Authors: Shinde-Jadhav, Surashri; Mansure, Jose Joao; Rayes, Roni F.; Marcq, Gautier; Ayoub, Mina; Skowronski, Rodrigo; Kool, Ronald; Bourdeau, France; Brimo, Fadi; Spicer, Jonathan; Kassouf, Wassim
Issue: Nat Commun. 2021 May 13;12(1):2776.
Radiation therapy (RT) is used in the management of several cancers; however, tumor radioresistance remains a challenge. Polymorphonuclear neutrophils (PMNs) are recruited to the tumor immune microenvironment (TIME) post-RT and can facilitate tumor progression by forming neutrophil extracellular traps (NETs). Here, we demonstrate a role for NETs as players in tumor radioresistance.

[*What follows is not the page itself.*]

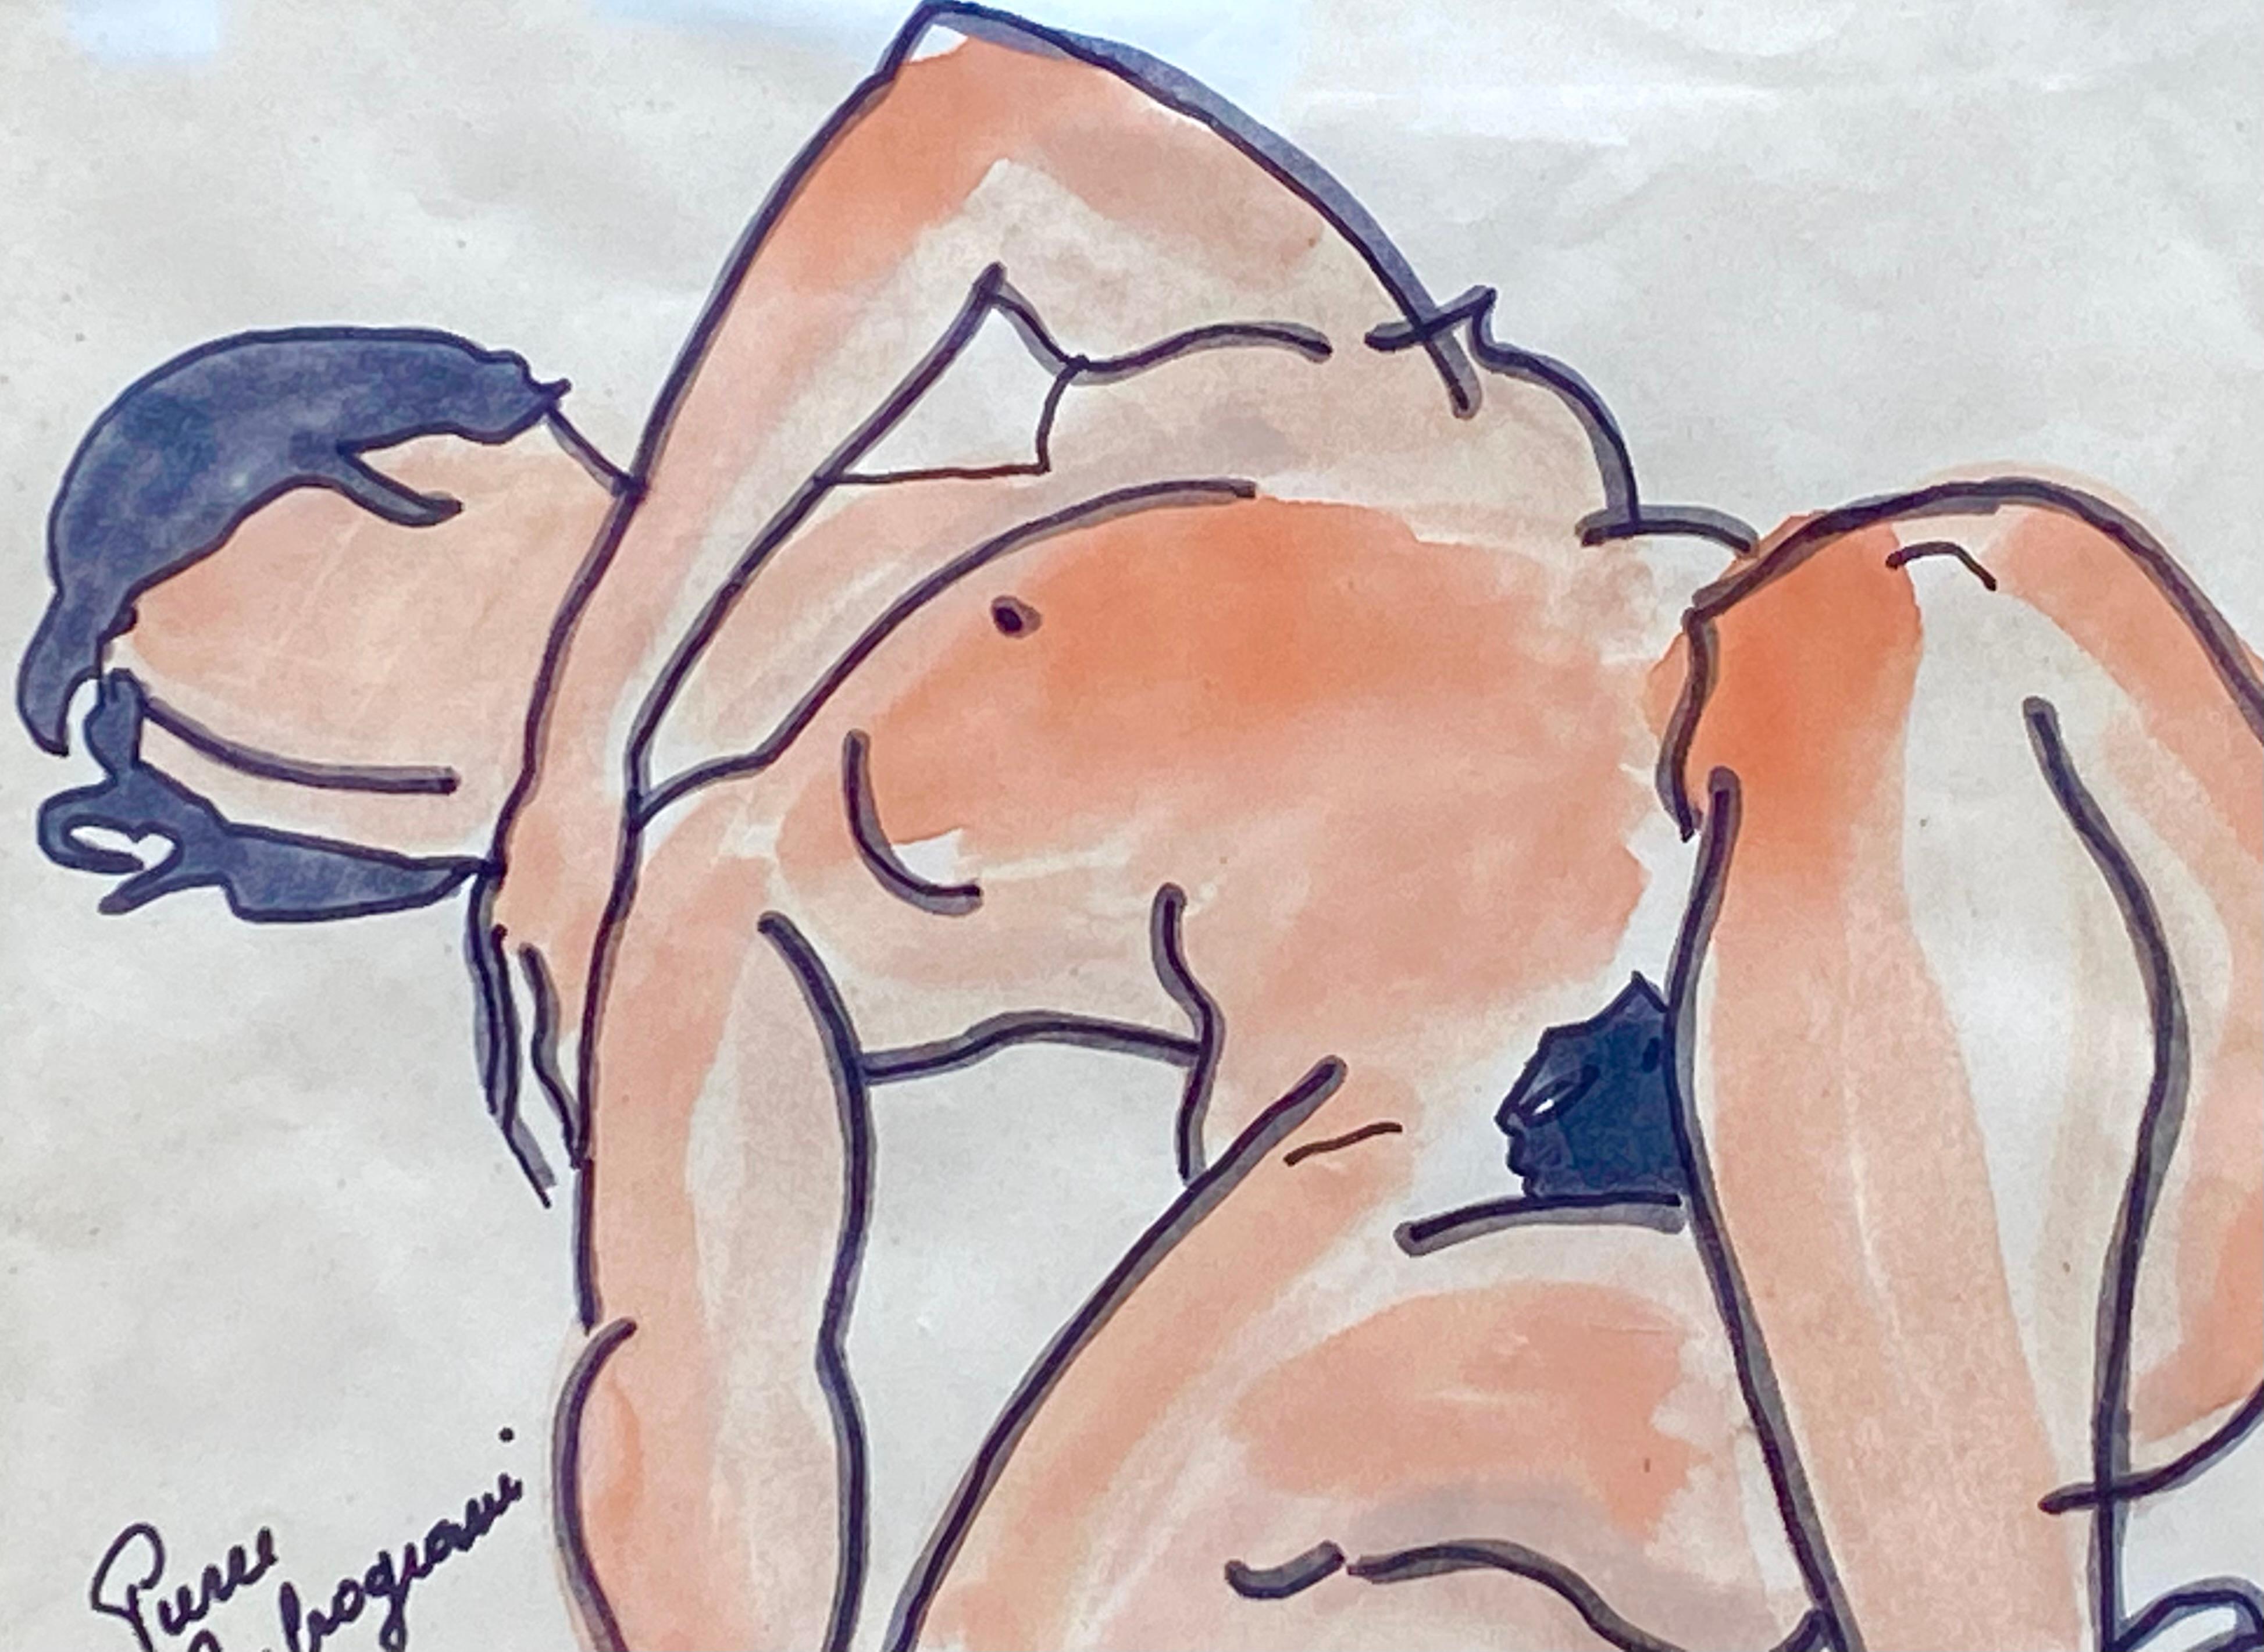 
Original nude watercolor on archival paper of a reclining woman by the well known French modernist artist Pierre Ambrogiani.  Signed by the artist lower left. Condition is very good. Circa 1960. Newly gallery matted and framed in a contemporary

Using a syngeneic bladder cancer model, increased NET deposition is observed in the TIME of mice treated with RT and inhibition of NETs improves overall radiation response. In vitro, the protein HMGB1 promotes NET formation through a TLR4-dependent manner and in vivo, inhibition of both HMGB1 and NETs significantly delays tumor growth. Finally, NETs are observed in bladder tumors of patients who did not respond to RT and had persistent disease post-RT, wherein a high tumoral PMN-to-CD8 ratio is associated with worse overall survival. Together, these findings identify NETs as a potential therapeutic target to increase radiation efficacy.